作者:桃千岁 时间:2020-02-16 23:00:27 标签:

  绵软腔道死死绞紧了捅进来的肉杵,谢文山呜咽着扭动,不由自主的,因为每多一寸接触都是多一份的充实和满足。而周墨直起身掰开了他腿,有条不紊地开始摆动着腰胯,频率不快,但每一下都插得非常深。
  坚实囊袋撞在穴口那里撑薄了的一层皮肤上,拍击声低而闷,逼得谢文山惊慌又痛苦地拧起了眉毛,每一次尽根没入的时候他都以为自己会被撞飞出去,但那根东西牢牢钉进了私处,将他的下体固定在这个年轻男人的胯下。
  软糯的洞颤抖吃紧,吞咽得既难受又快乐。
  周墨听着他喘,谢老师有一把温厚的男中音,唱起歌来,并不比他那一手被誉为“天籁”的琴艺差到哪里。

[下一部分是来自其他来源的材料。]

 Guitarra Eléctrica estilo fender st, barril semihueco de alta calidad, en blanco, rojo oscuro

然而没有人听过谢文山在此刻的声音,甜软得能滴出水,媚而全然不自知。
  他一边耐着性子开拓这久旷的寂寞身体,一边垂眼看被按在琴凳上侵犯的老男人,一条白皙的腿掰扯在自个儿肩头,另一边甚至连乱七八糟缠裹着的裤子都来不及脱,濡湿的内裤挂在腿面,就这么软软地垂着,在一次又一次的冲撞里无序晃动。
  以谢文山的年纪,他的身材算保养得好的,甚至连身体的柔韧度,也在这些年的断续床事里头被强硬抻开了老胳膊老腿。

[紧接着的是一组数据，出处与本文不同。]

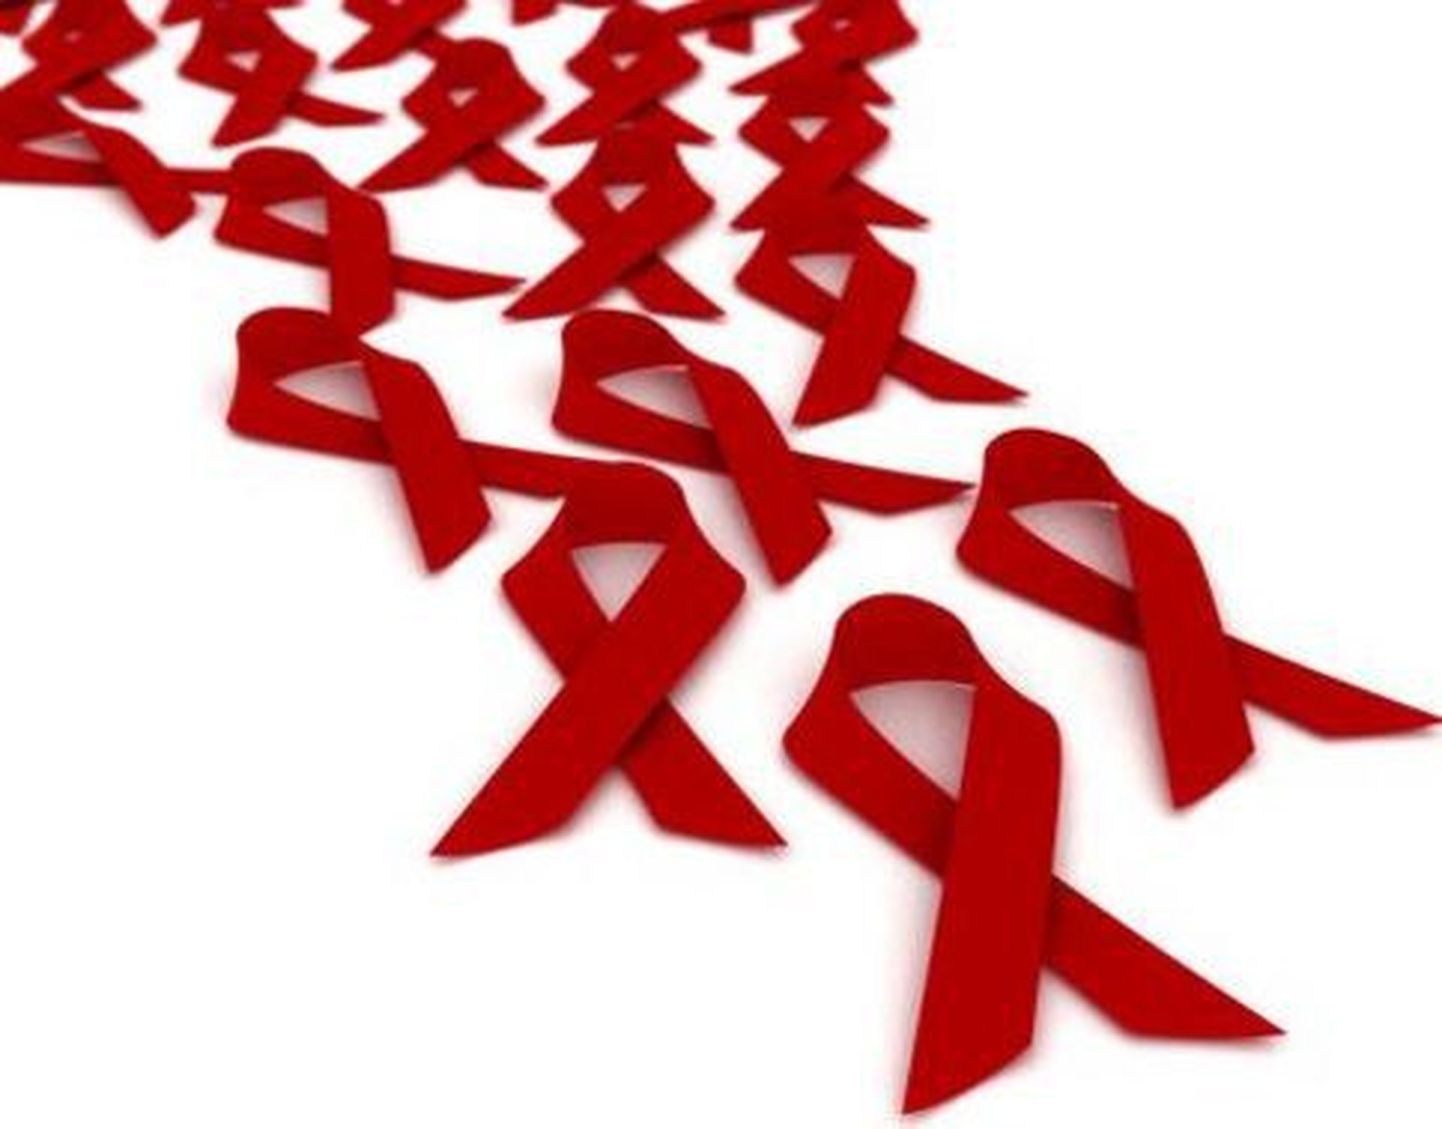 Pildil on aidsi vastu võitlemist sümboliseerivad punased lindid.

  但谢老师始终还是抹不开面子,就如此刻,他明明已经是相当艰难才能保持着平衡,却还是几次试图伸手去捉着那点狼狈布料,也不知是想拽上来,还是要干脆脱掉。而周墨的恶趣味就是捣乱。
  重重的一挺撞在泌水穴肉上,周墨十分坏心地照着记忆里的敏感点戳上去。他依稀记得谢文山生得很深,以至于惯用加大尺寸的器具才能勉强玩到尽兴——最开始把这老家伙按到床上时他本打算软硬兼施且逼且诱,结果还是搞得约等于强暴才制服了竭力反抗的谢老师,气得极其暴虐又挫败地狠力发泄了一通,竟误打误撞把人给搞酥了。

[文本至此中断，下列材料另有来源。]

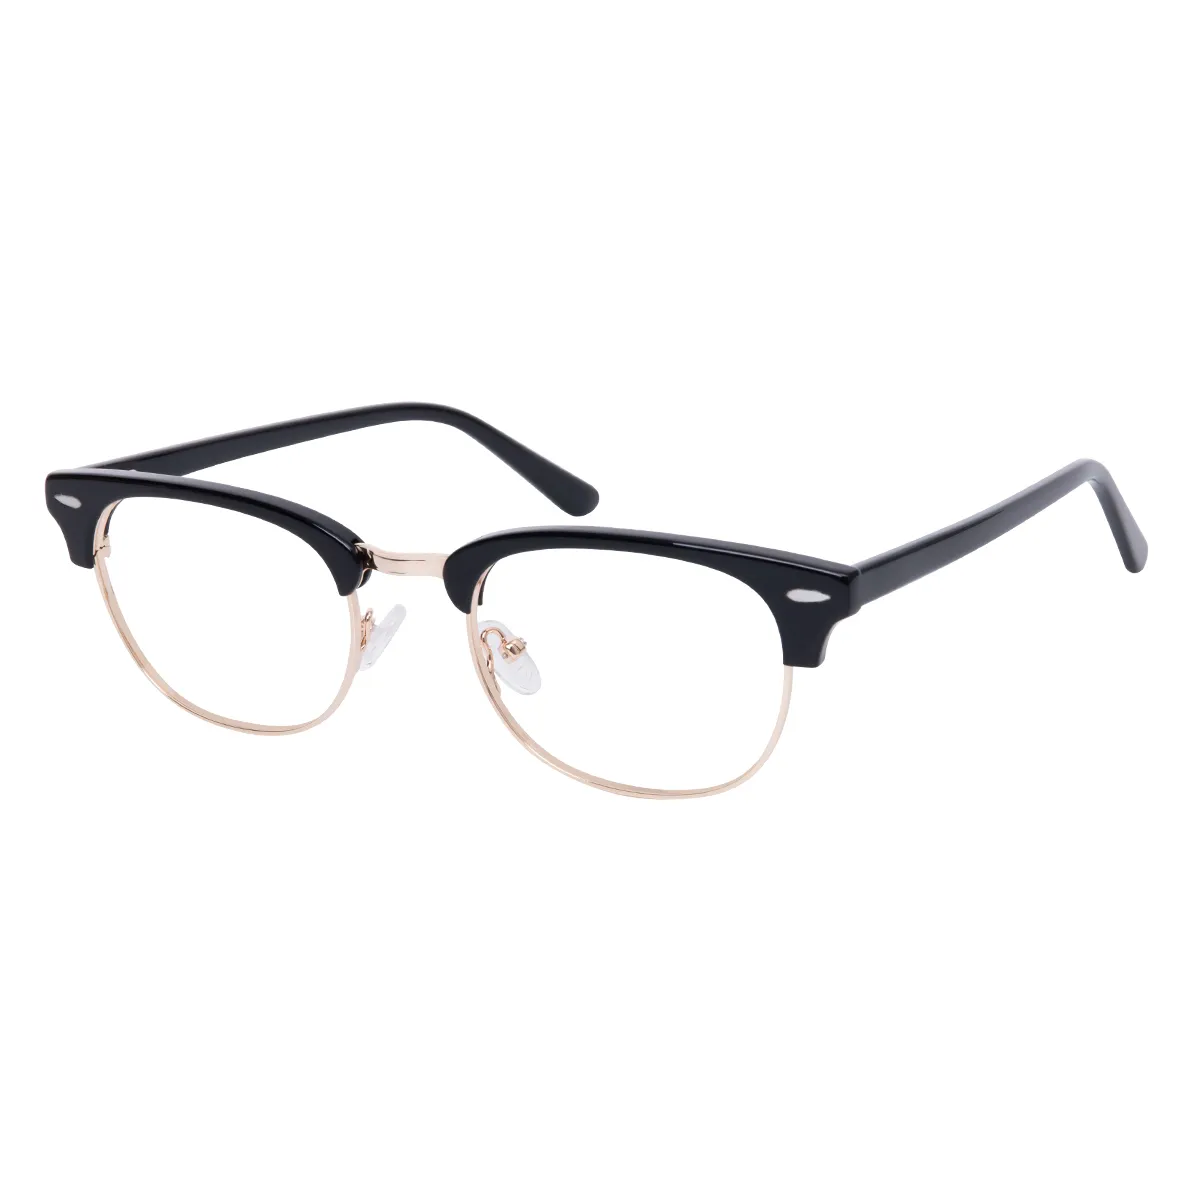 Andres - Browline Black-Gold Glasses for Men & Women

  就如此刻,一记深顶之后谢文山差点儿弹起来,他腰身反弓腿根震颤,一声哭喘骤然溢出了喉咙。就连用力了堵住嘴的白皙拳头,也没能阻住这酥麻入骨的呻吟,湿濡濡的口水从他唇角溢出来,狼狈又情色。连同泛起了红的眼尾,凌乱垂落的头发……
  出奇好看。
  周墨吸了口气,伸手去摘掉了那个已然被咬出印痕的手掌,然后加剧了力道一下一下往谢文山最爽最麻最受不了的地方狠操。
  他要听。


第13章
  谢文山只叫了一声就又竭力抿住了嘴唇,唇面上湿漉漉的,眼睛里也是。像是隔了层朦胧的雾气,让他看不清身上这人到底是谁,只有侵犯进来的那根东西无比鲜明,热涨而清晰,完完全全地填饱了他的分分寸寸。
  先头那一阵子尽根没入的缓慢开拓已经把紧而暖的洞给生生捅开了,谢老师有洁癖,兼之某些密不可告人的隐私癖好,从来都是把自己收拾得洁净而得体。那处既软且润,此刻更是一片娇滑渗水,相当方便了周墨的动作。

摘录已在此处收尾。